▶ _STORED DATA_
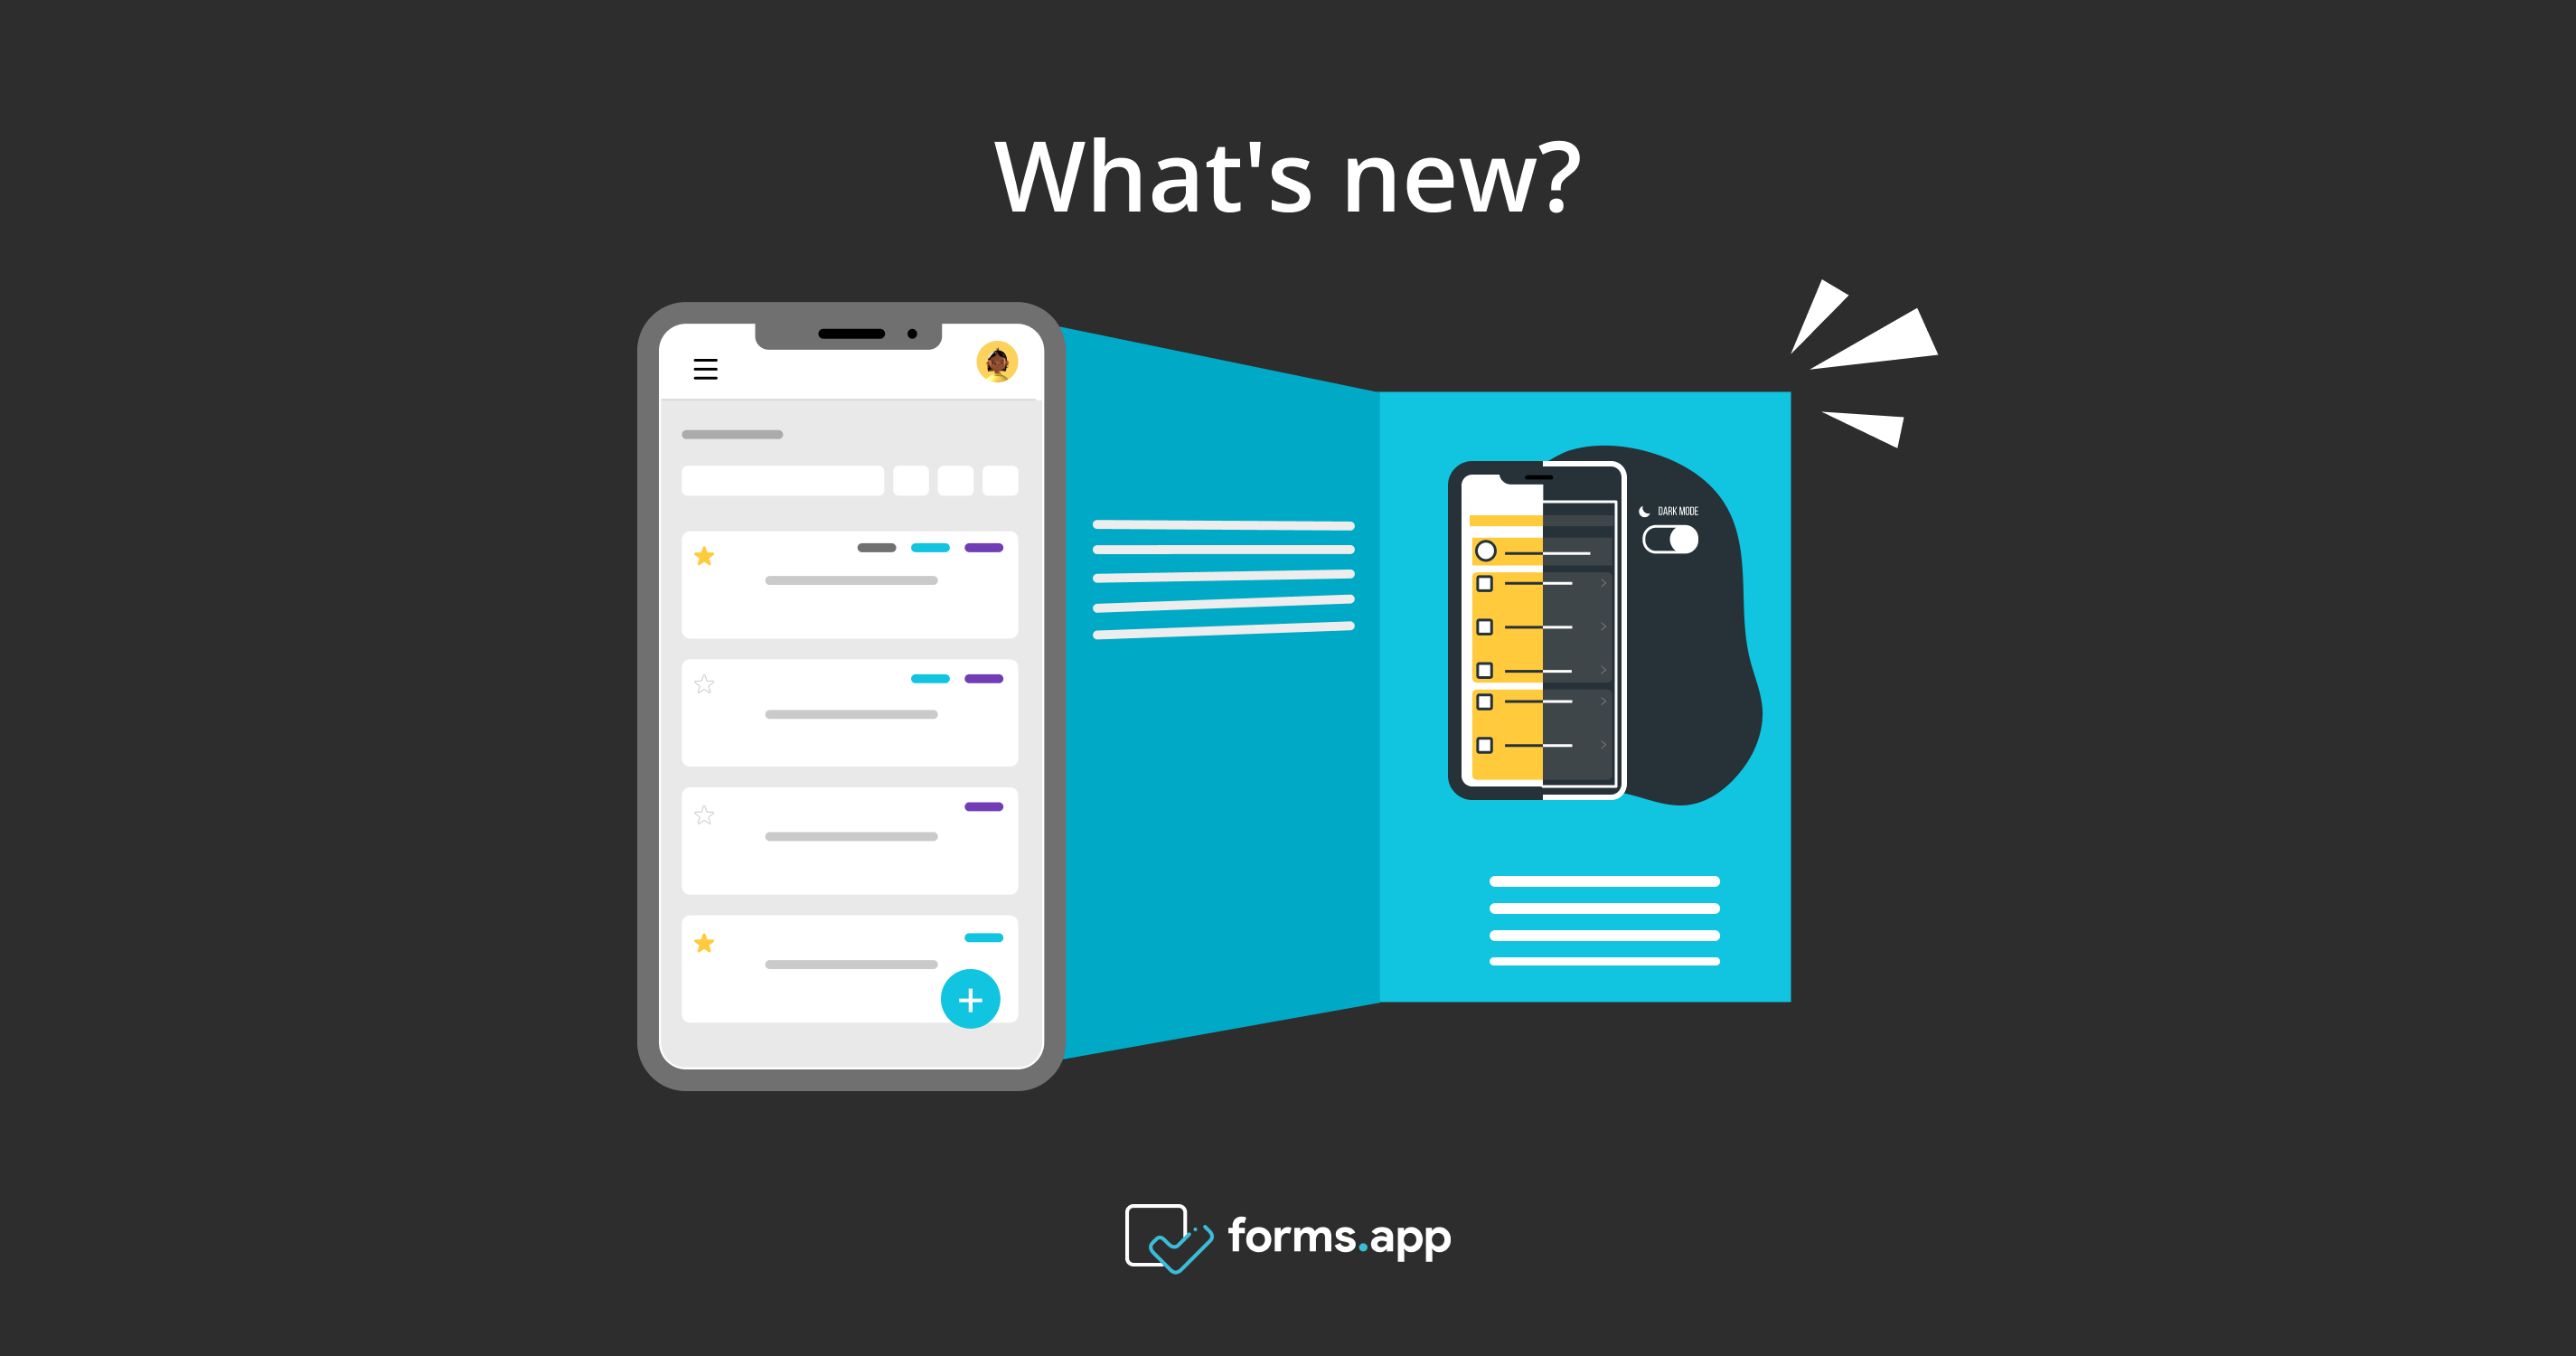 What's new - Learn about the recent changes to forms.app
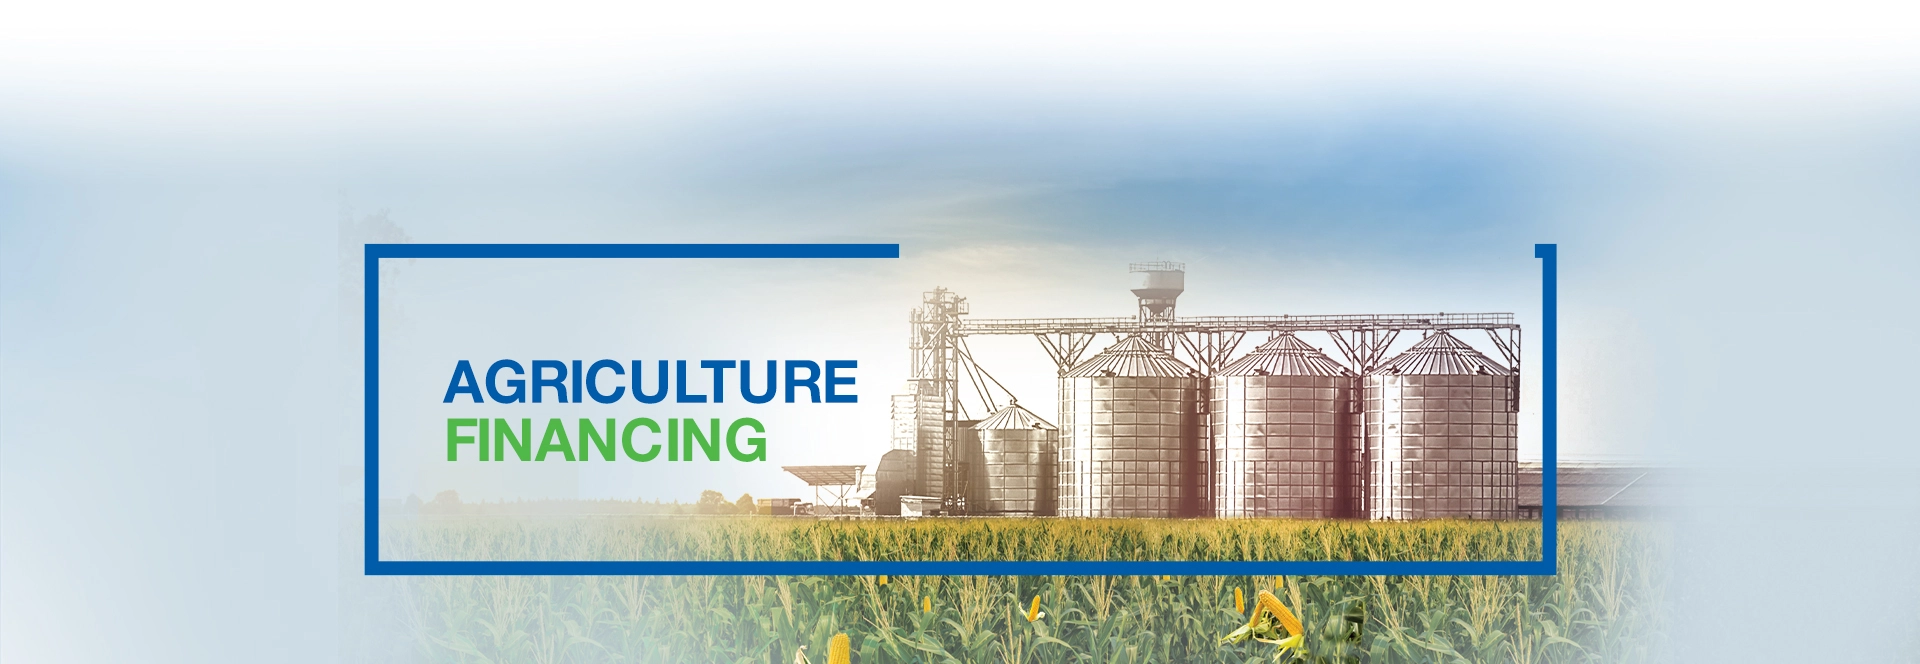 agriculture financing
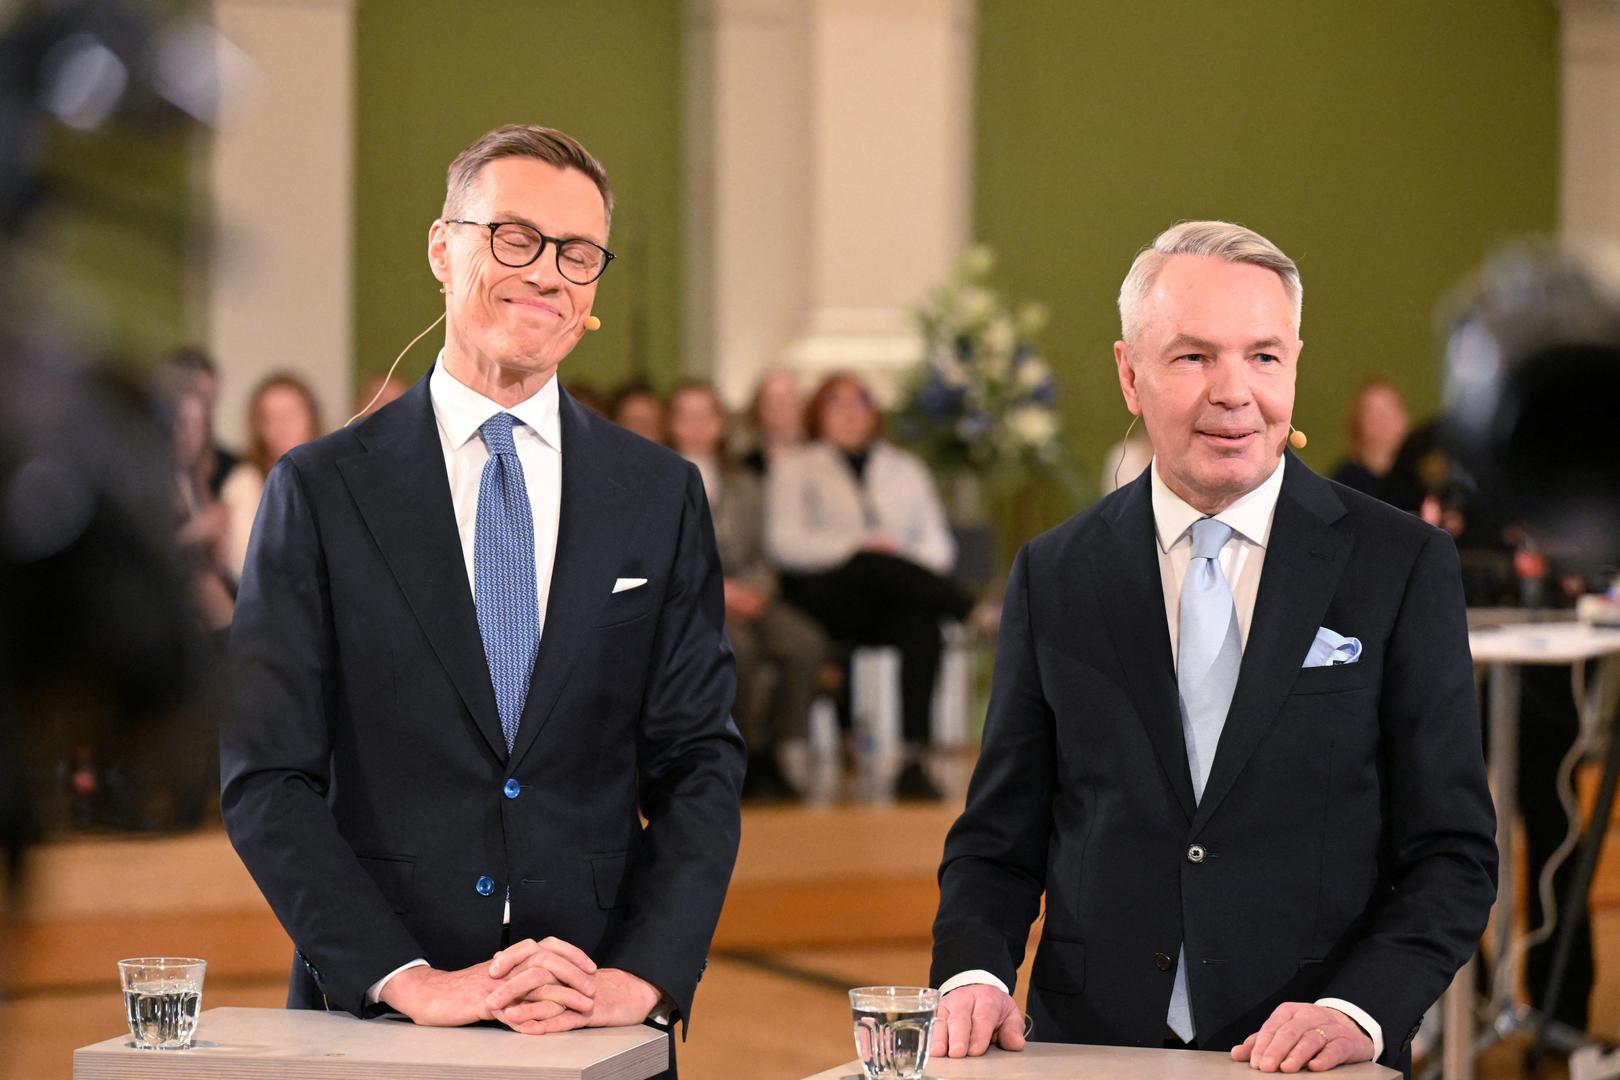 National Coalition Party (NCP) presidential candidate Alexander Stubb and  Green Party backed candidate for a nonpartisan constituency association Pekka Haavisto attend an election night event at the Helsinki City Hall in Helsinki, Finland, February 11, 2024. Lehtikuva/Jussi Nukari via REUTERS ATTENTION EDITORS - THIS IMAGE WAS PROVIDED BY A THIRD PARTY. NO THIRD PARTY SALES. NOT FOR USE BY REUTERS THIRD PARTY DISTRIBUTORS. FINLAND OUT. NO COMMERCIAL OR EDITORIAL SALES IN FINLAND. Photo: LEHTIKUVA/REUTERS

▶ _THE TASK_
Reproduce the listing above exactly, without a single picture.

▶ _ANSWER SECTION_
 What's new - Learn about the recent changes to forms.app
 agriculture financing
 National Coalition Party (NCP) presidential candidate Alexander Stubb and  Green Party backed candidate for a nonpartisan constituency association Pekka Haavisto attend an election night event at the Helsinki City Hall in Helsinki, Finland, February 11, 2024. Lehtikuva/Jussi Nukari via REUTERS ATTENTION EDITORS - THIS IMAGE WAS PROVIDED BY A THIRD PARTY. NO THIRD PARTY SALES. NOT FOR USE BY REUTERS THIRD PARTY DISTRIBUTORS. FINLAND OUT. NO COMMERCIAL OR EDITORIAL SALES IN FINLAND. Photo: LEHTIKUVA/REUTERS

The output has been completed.